He Introduced the Sit-On-Top Kayak to the World

June 04, 2020 by sitontop_kayak

Tim Niemier was a teenager in Malibu, CA with a problem.  He loved to dive out past the surf break, but he needed a craft that didn’t hold water and would fit on top of his 1959 VW Beetle.  He ended up introducing the sit-on-top kayak to the world.  This is the progression of his story. 


Niemier’s first vessel was an old double surf board that he carved a seat onto and added a hatch for storage.  It was rudimentary, off balance, but it actually worked.  Tim was finally able to get past the surf break safely and had a dive platform with dry storage waiting for him on the surface. 


Niemier took a sculpture class at the local community college and made this his final project.  He got an ‘A.’  Just like that, Niemier, still a teenager, was a bonafide kayak designer.  One day while walking the craft back to the VW he was approached to sell it.  He asked for 3 times the materials cost.  Without trying he had found his first customer. 


Tim ended up selling 30 of this model in just a 1-mile stretch of beach near his home.  That’s when he knew he was onto something. “There are a lot of beaches in the world,” he says.  Why is the rear of the sit-on-top called a “tankwell” you ask?  Because these models all had a well for Tim’s scuba tanks. 


In 1976 the Ocean Kayak logo was added to the kayak.  Tim is 5’6” tall, and he realized it was time to alter the cockpit for taller paddlers.  This version was the first that accommodated for all different body sizes.  Tim continued making kayaks for a few years, but was eventually side tracked by life for a while. 


The world’s first roto molded sit on top kayak was the first with an official model name:  The Scupper.

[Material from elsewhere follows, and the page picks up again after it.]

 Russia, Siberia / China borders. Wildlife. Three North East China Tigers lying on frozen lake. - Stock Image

At 14‘ long and only 43 lbs, it was also the first with the little drainage holes commonly known as ‘scuppers.’  He had the mold built, which was a complicated process at the time.  When errors rendered the mold too big to fit into the planned oven, he had to build his own kayak oven to accommodate it.  Eventually, the oven had issues with environmental codes, which lead him to move away from California. 

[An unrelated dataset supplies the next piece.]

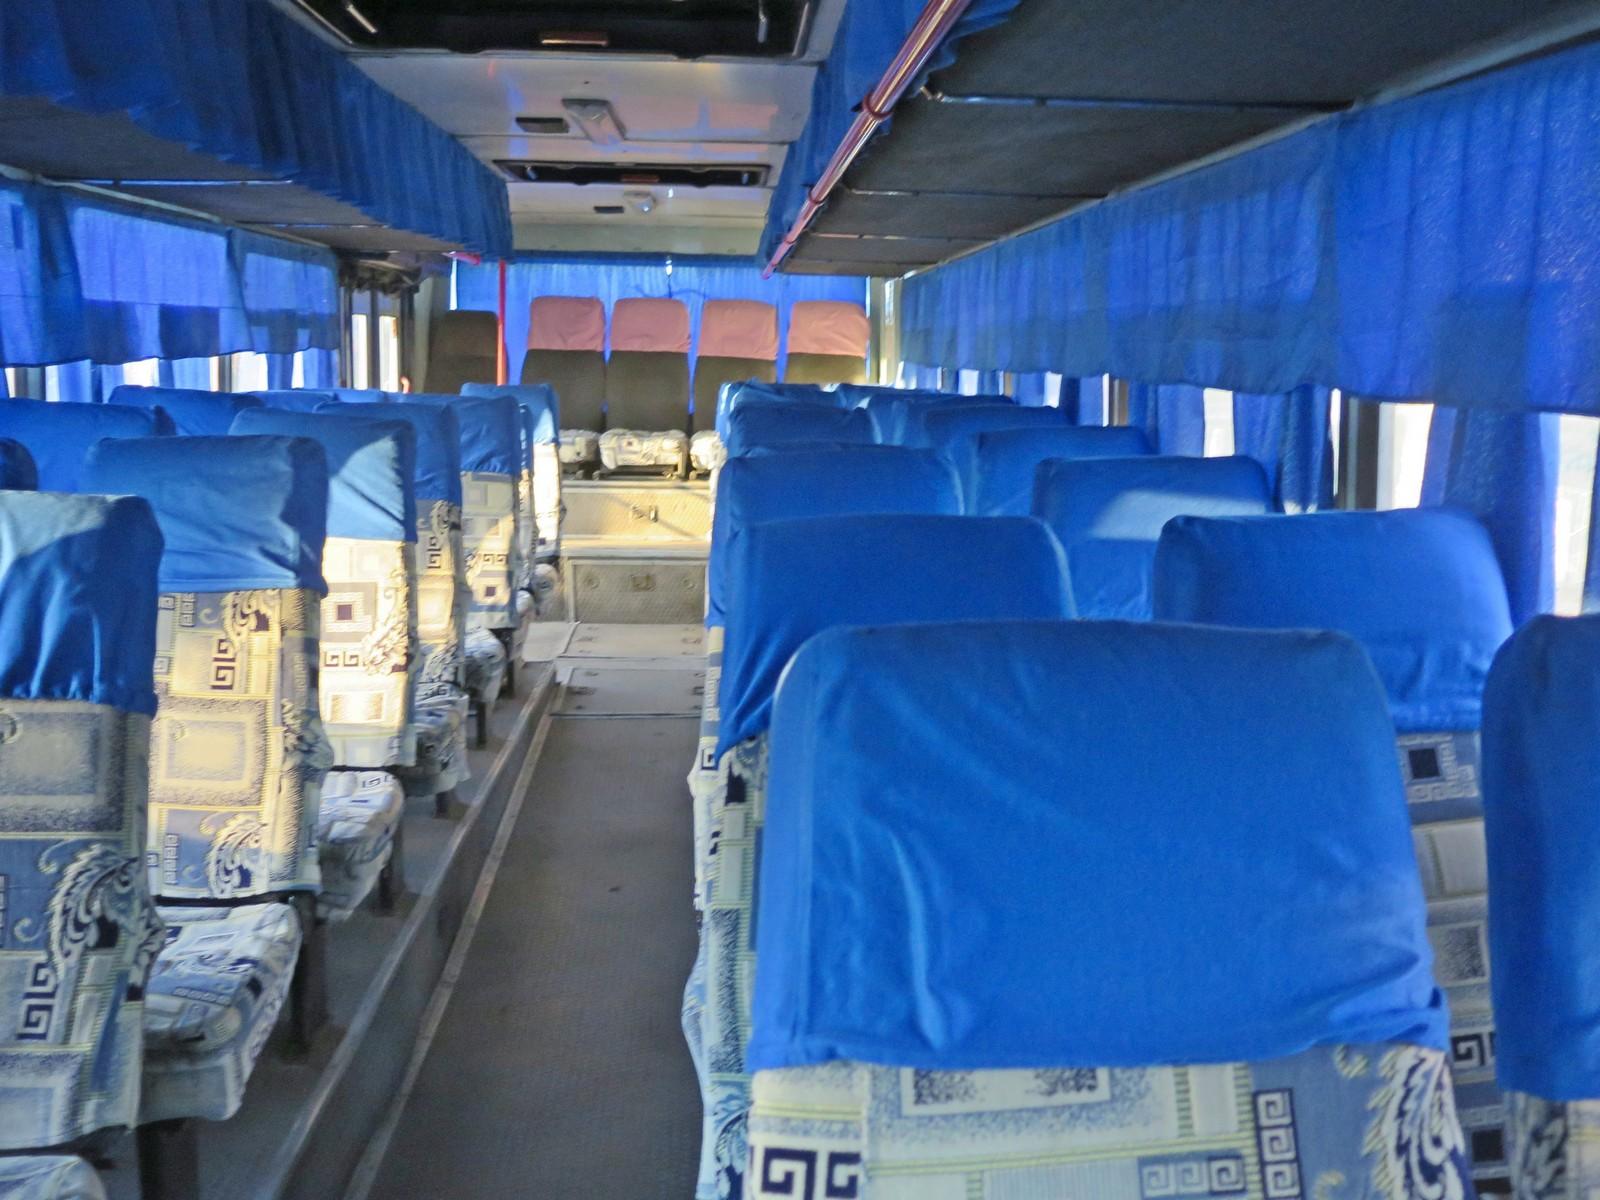 Салон автобуса Белицк-Жлобин

By 1988 Niemier moved Ocean Kayak to a new location in Ferndale, WA.  The 15’9” saltwater ready Scupper Pro was built there to carry more gear.  This is definitely the most legendary sit-on-top kayak ever devised.  Ocean Kayak produced them off and on until 2010, when it was finally discontinued to the dismay of many.  In 1997, Niemier sold Ocean Kayak to Johnson Outdoors. 


After Ocean Kayak, Niemier was itching to get back in the kayak business so he started a brand called NuCanoe. After a few years launching this new brand,  he sold it off.  After that he went right back to his passion project:  The Scupper.  This is a thermoformed prototype for his Wild Designs business.   It was never sold commercially. 


In 2016 Niemier began to build the Scupper 14 model with Swell Watercraft.  Two years later it hit the market.   The result is a highly rated, fast, stable and ocean ready craft.  The final tweeks he included improved ergonomics with the feet area below the waterline.  Patented valves drain the cockpit if water accumulates.  The hatch is larger than ever.  And once again the tankwell fits a scuba tank. 

Things have truly run full circle after almost 50 years for designer Tim Niemier, the man who introduced the sit on top kayak to the world.